天山雪岭云杉个体生物量分配及其变化规律的研究

doi:10.12118/j.issn.1000-6060.2019.06.17

摘要/Abstract

摘要：

为了探讨天山雪岭云杉林生物量在个体组织中的分配情况及其变化规律，在研究区进行了大量的野外测量，利用已有的雪岭云杉林估算方程，分析了天山雪岭云杉林生物量在各器官（干、枝、叶、皮、根）中的分配及其变化规律。结果表明：（1）研究区雪岭云杉林的平均生物量为388.74 t·hm^-2，树木各器官中，干、枝、根、叶和皮分别占生物量的43.65%、28.60%、13.49%、11.08%和3.18%。（2）各径级生物量所占百分比为：33.53%（40~50 cm）、20.13%（20~30 cm）、19.59%（30~40 cm）、18.19%（50~60 cm）和2.05%（10~20 cm）；树木生物量在不同树高中的分配表现为：48.78%（20~30 m）＞35.27%（10~20 m）＞14.70%（30~40 m）＞1.25%（0~10 m）；地上和地下生物量的分配比例为：87.54%和12.46%，分别为340.30 t·hm^-2和48.44 t·hm^-2。
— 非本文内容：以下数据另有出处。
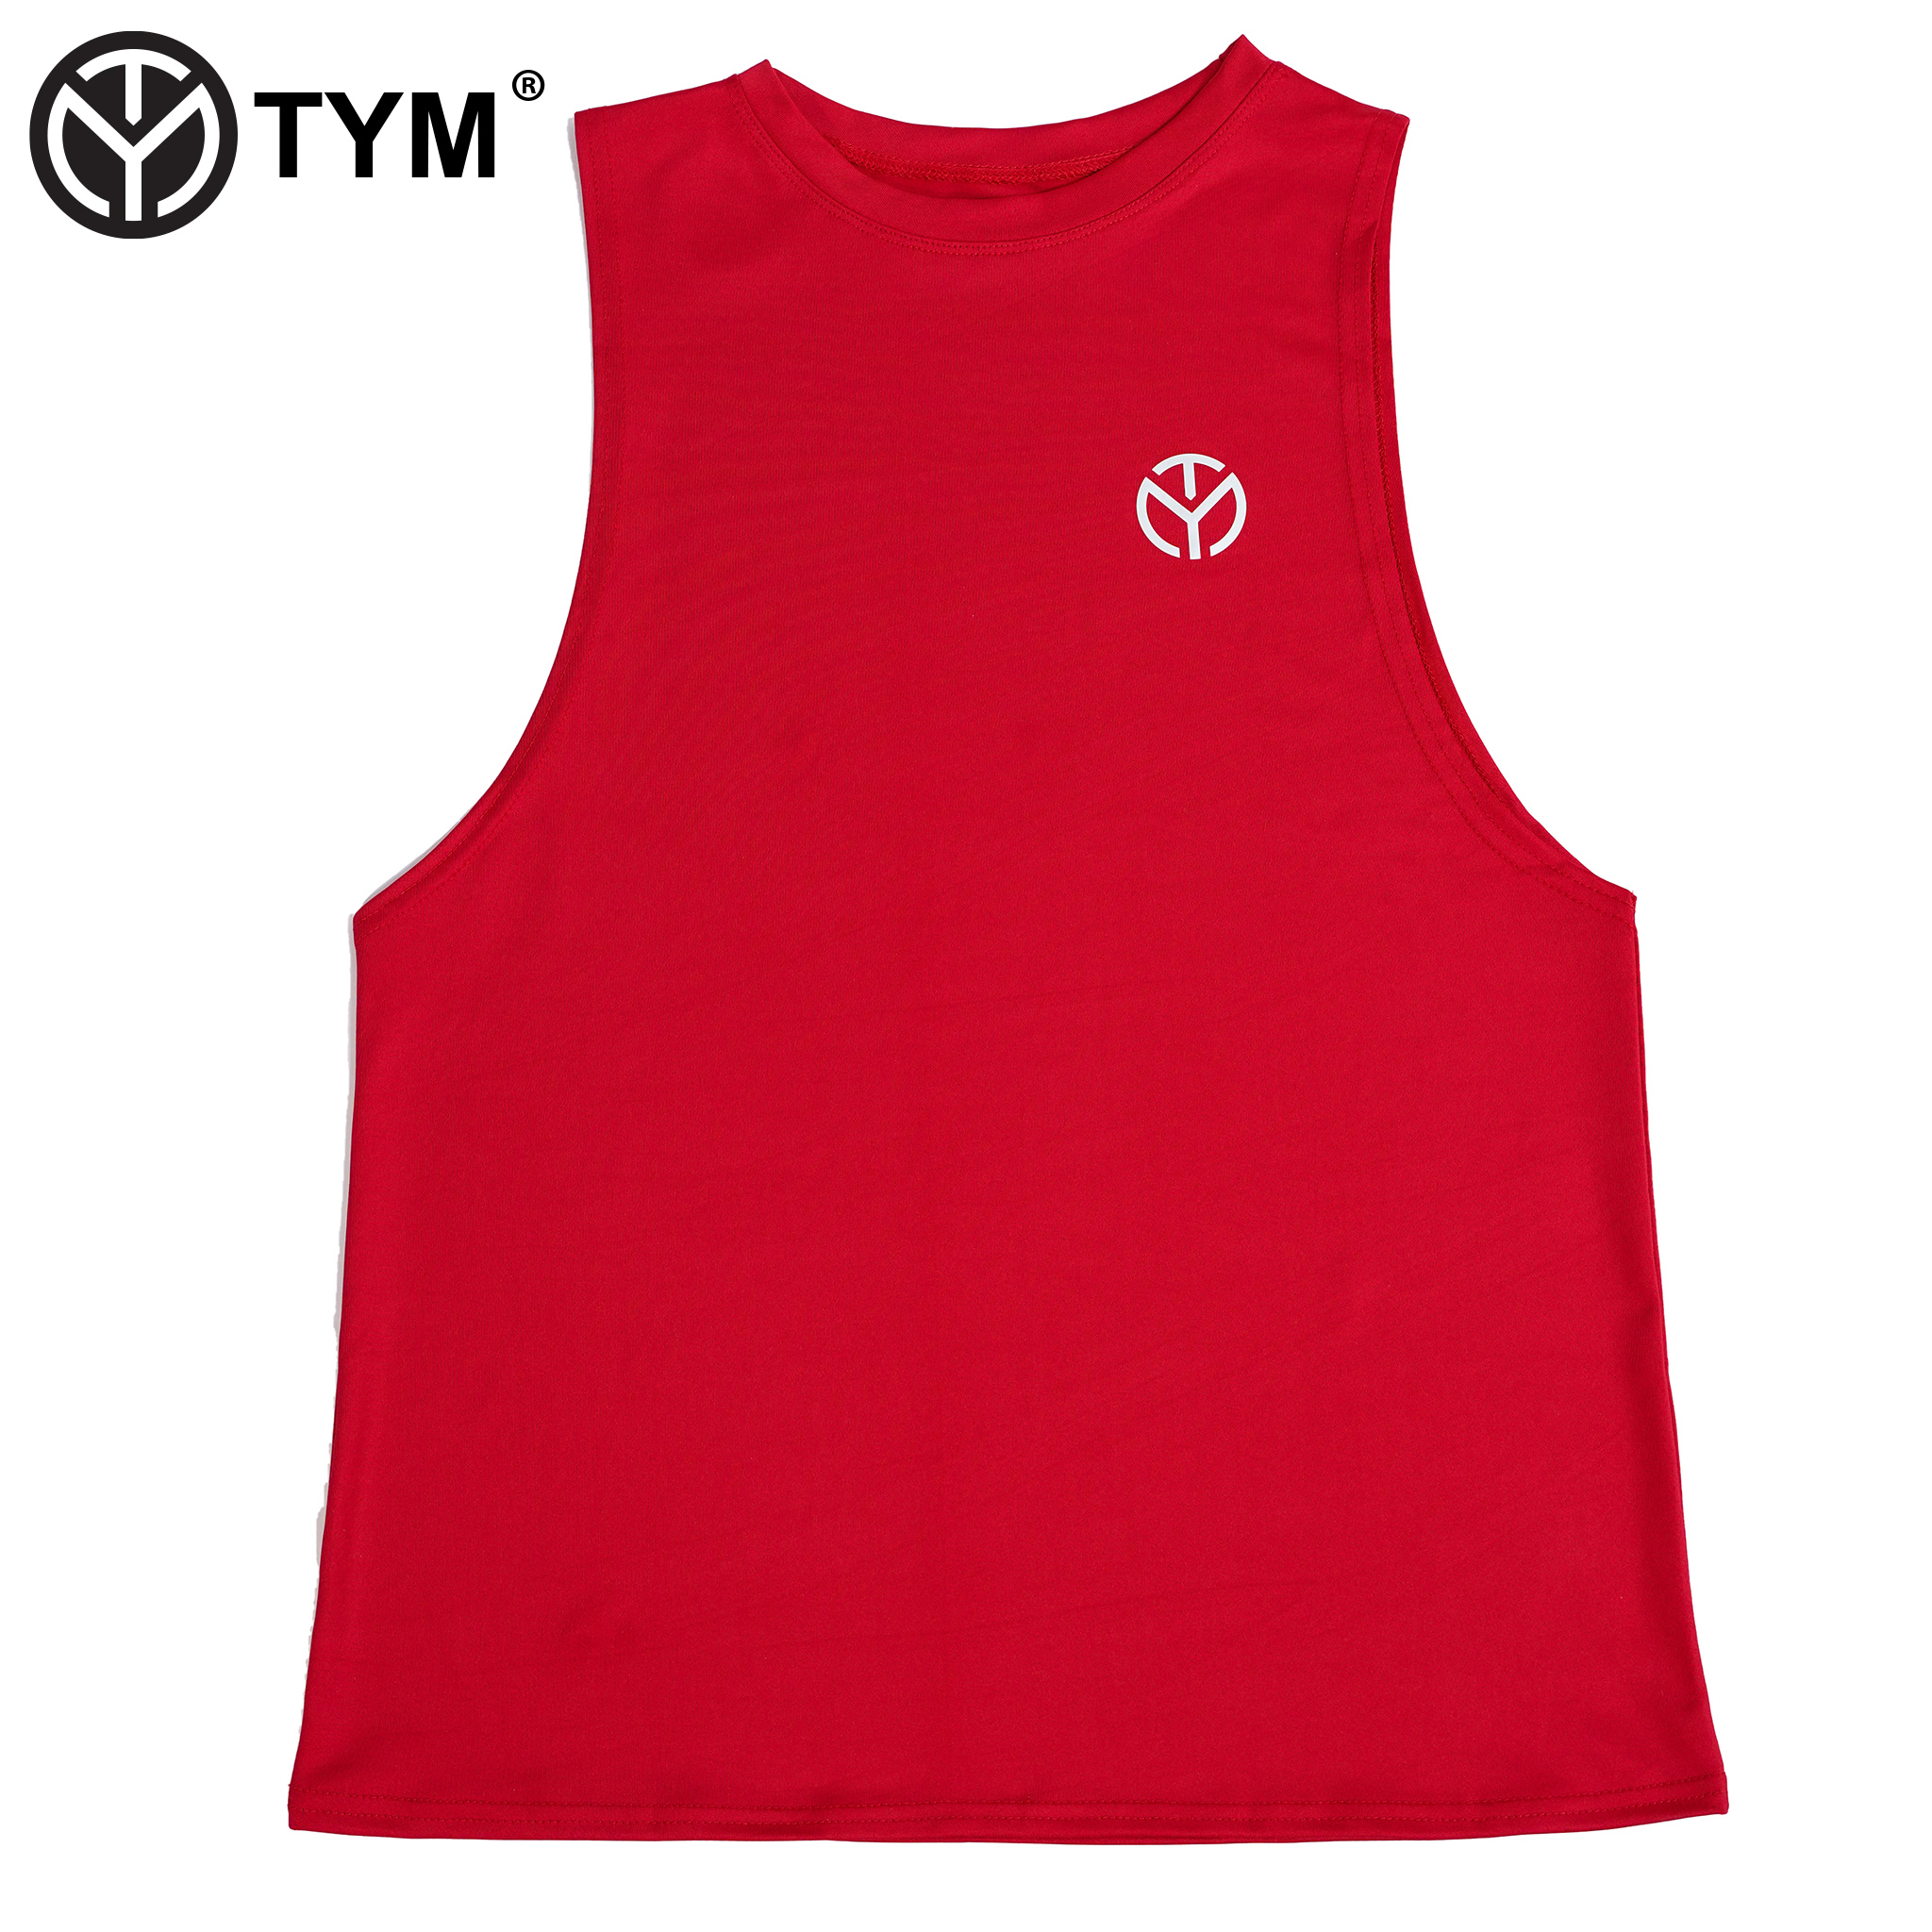 Áo Tank Top thể thao Nữ TYM - Vải mềm mại, thoáng mát - Form rộng - TTWT001 - TYM FASHION

（3）随海拔升高，天山雪岭云杉林生物量呈“单峰”变化，在海拔2 100~2 400 m处达到最大值611.58 t·hm^-2；干、皮生物量所占比例随海拔升高而减小，枝生物量逐渐增加，叶、根生物量呈先减小后增加的趋势；径级20~30 cm、30~40 cm和50~60 cm的生物量随海拔升高均呈“单峰型”变化趋势，都在海拔2 100~2 400 m处达到最大；雪岭云杉林不同树高生物量随海拔的升高呈现的趋势不同。天山雪岭云杉林生物量和年均降水量随经纬度的升高均呈降低变化，研究区林分生物量自西向东总体呈现逐渐降低的趋势；林分密度、海拔和降水共同决定了森林生物量的大小及其变化规律，海拔2 100~2 400 m是本研究区雪岭云杉林生长的最适宜场所。结果可为雪岭云杉林生态系统的恢复和重建提供基础资料，对研究区进行综合管理与生态健康分析具有重要意义。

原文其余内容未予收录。